As can be seen from these two studies, the Lansing strain is nothing but a mixture of emulsified brain and spinal cord goo transferred from a deceased boy to monkeys, rats, and mice and back again. It is not a purified/isolated “virus.” They assume a “virus” is present and being transferred every time they inject animals in the brain with foreign toxic sludge and then grind up and transfer the goo fron the “infected” animal to another one, repeating the horrific process over and over again. They never consider that the act of drilling a hole in the brains of these animals and injecting them with goo from other animals is the cause of the sickness/paralysis rather than a “virus.”

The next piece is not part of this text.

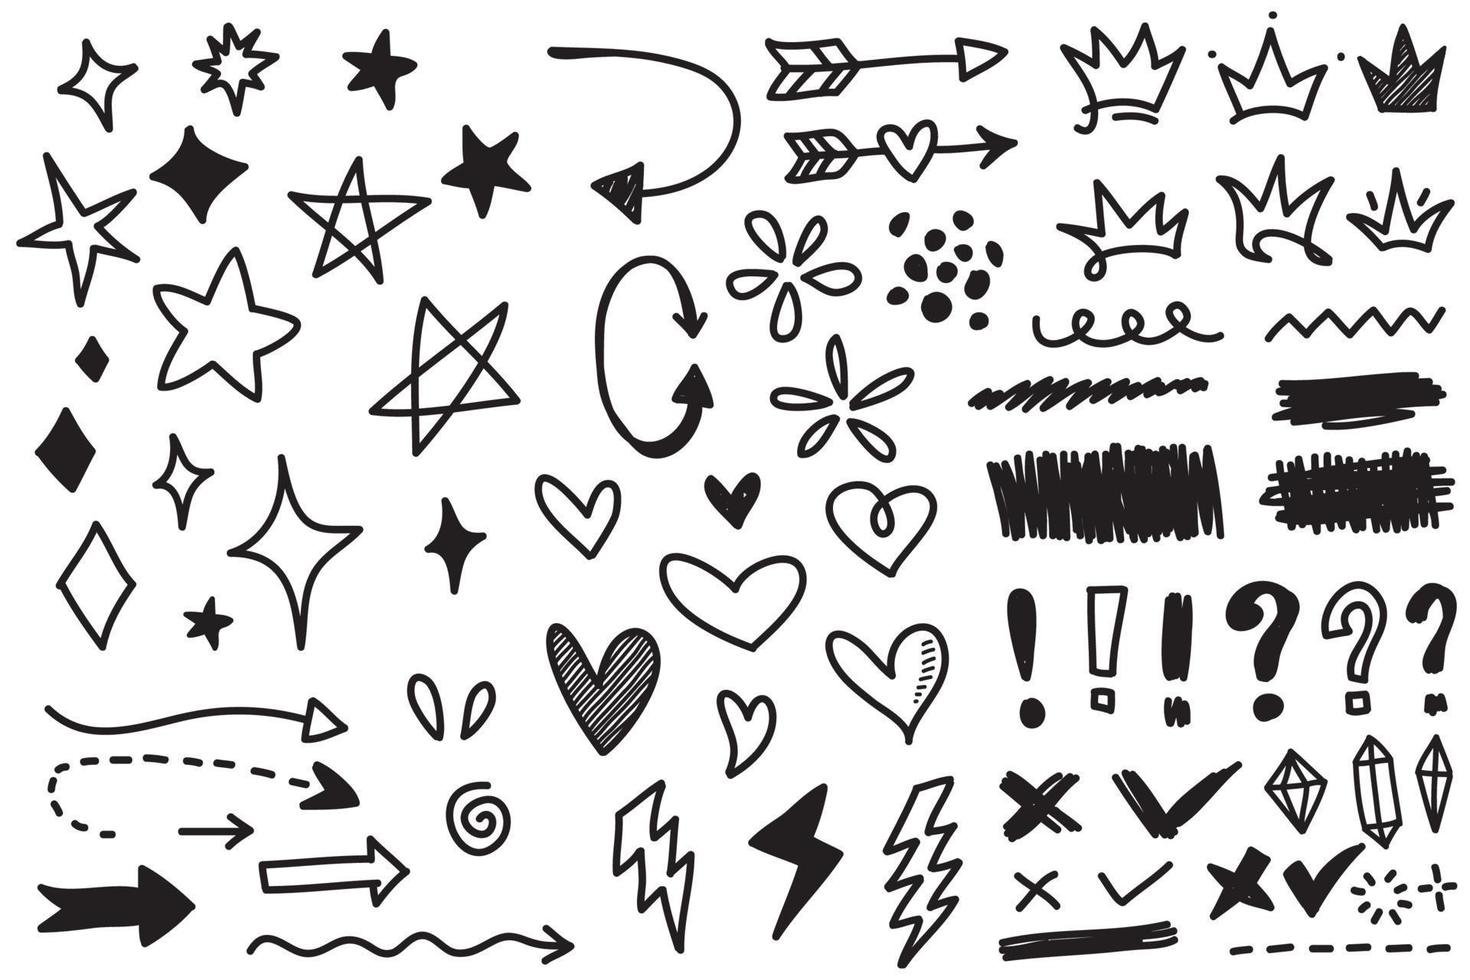 conjunto vetorial de diferentes coroas, corações, estrelas, cristais, brilhos, flechas, raios, diamantes, sinais e símbolos. mão desenhada, elemento doodle isolado em um fundo branco. vetor

Keep in mind, this serially passaged toxic brain/spine goo is one of three used in the polio vaccine:

“Lansing virus: Type 2 poliovirus. Named after the city in Michigan where the first patient lived who was found to have this virus. There are two other strains of poliovirus: Type 1 (known as the Brunhilde virus) and Type 3 (known as the Leon virus). Immunity to one strain does not provide protection against the other two. All three strains are therefore included in the Poliovirus vaccine.”

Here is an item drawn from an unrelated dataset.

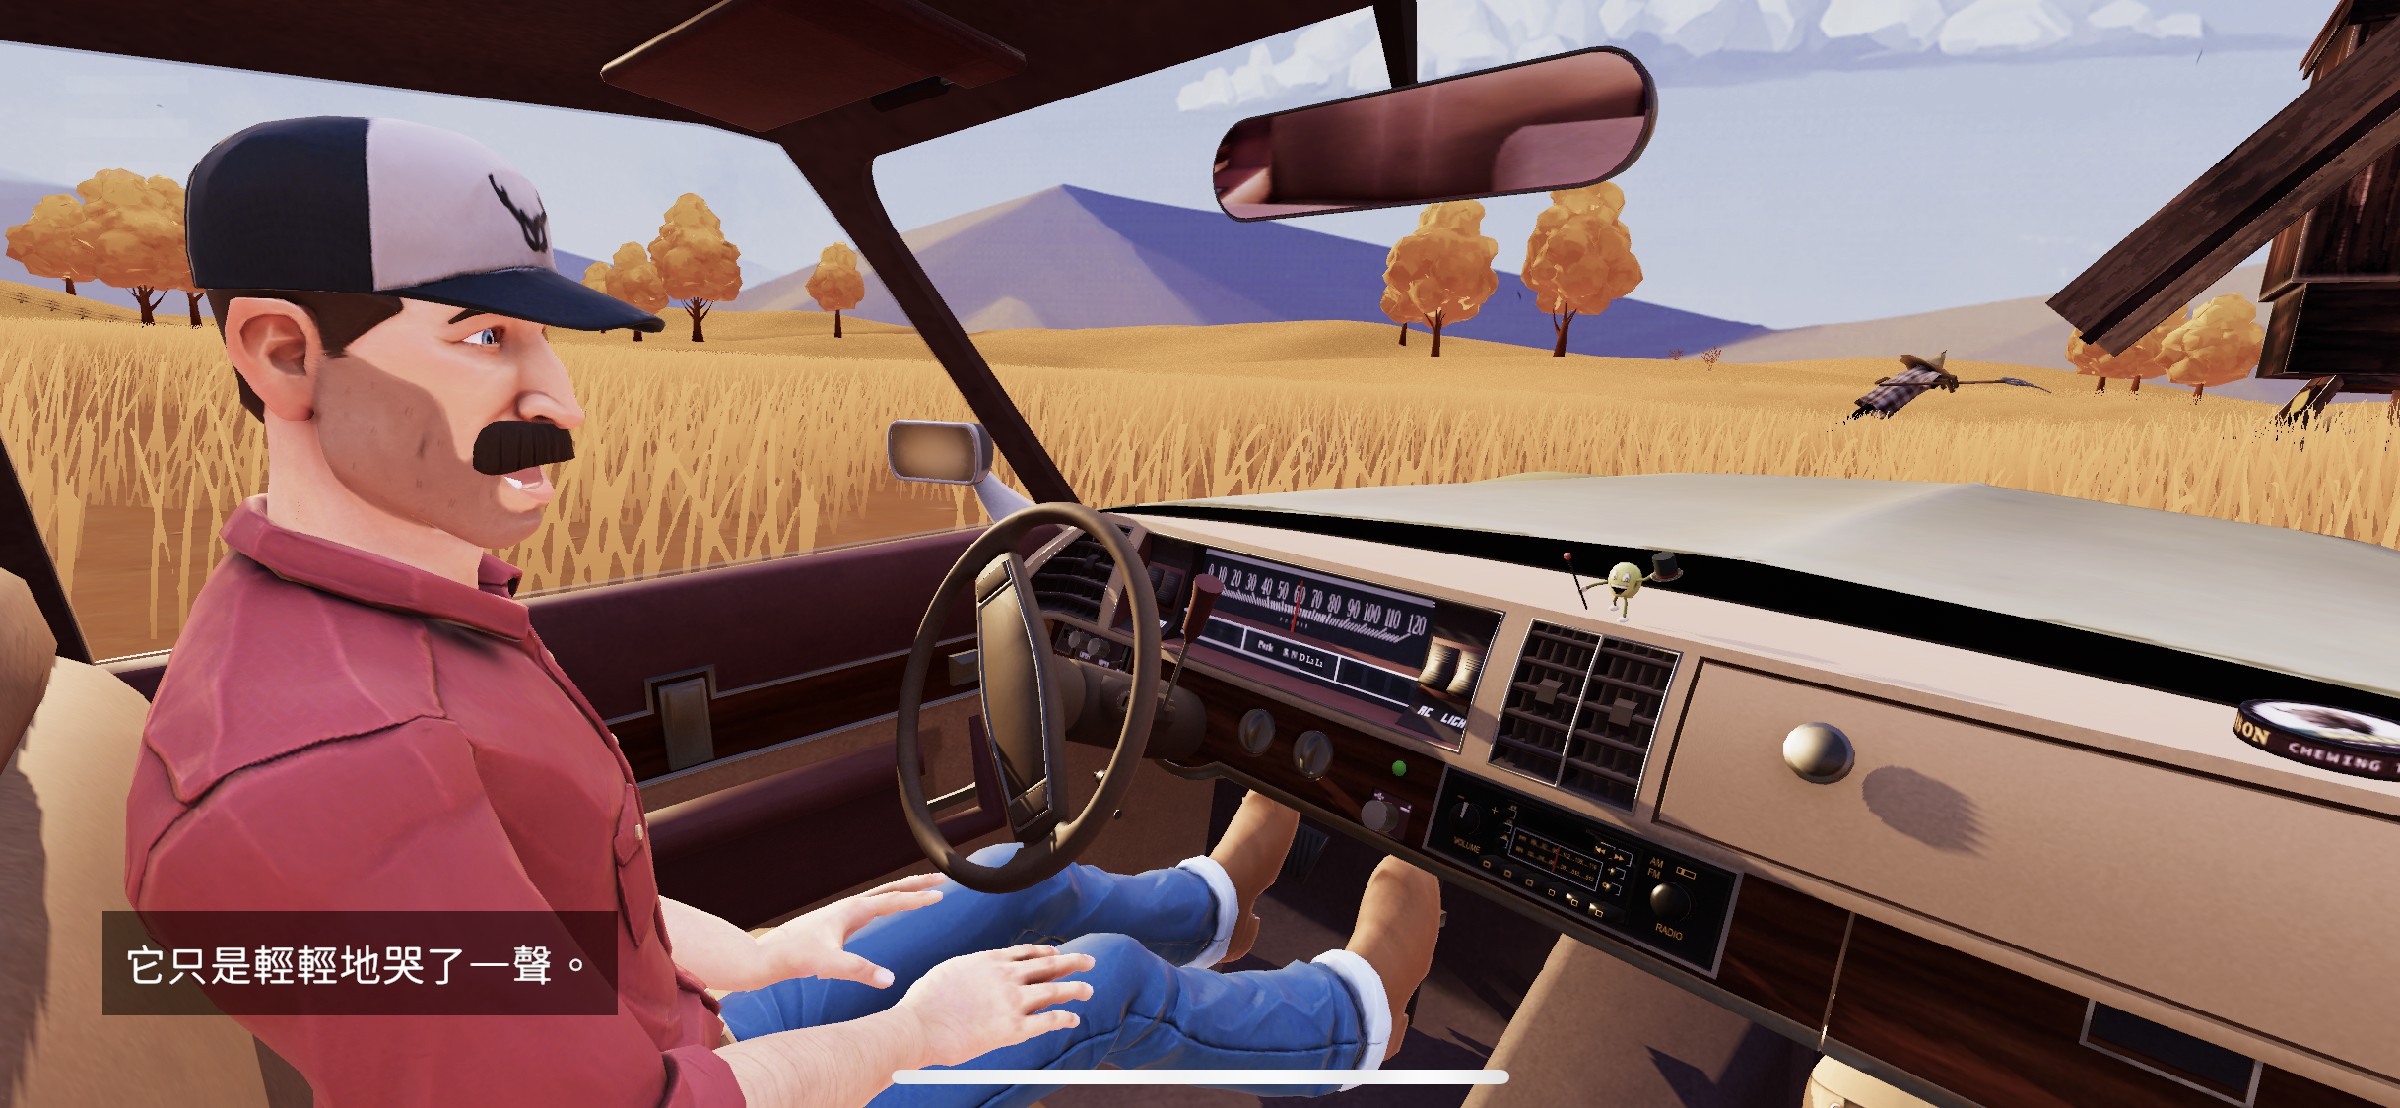 文字冒险游戏《便车旅人》透过一次又一次搭便车探索未知事物与寻找自我

https://www.medicinenet.com/lansing_virus/definition.htm

People were injected with this serially passaged toxic concoction derived from decades of human and animal suffering. Is it any wonder why this vaccine causes as much death and destruction as the process used to create it? This practice of passaging an assumed invisible “virus” never proven to exist is the dark history of Polio and a grotesque inhumane stain on virology as similar practices are still done to helpless animals today.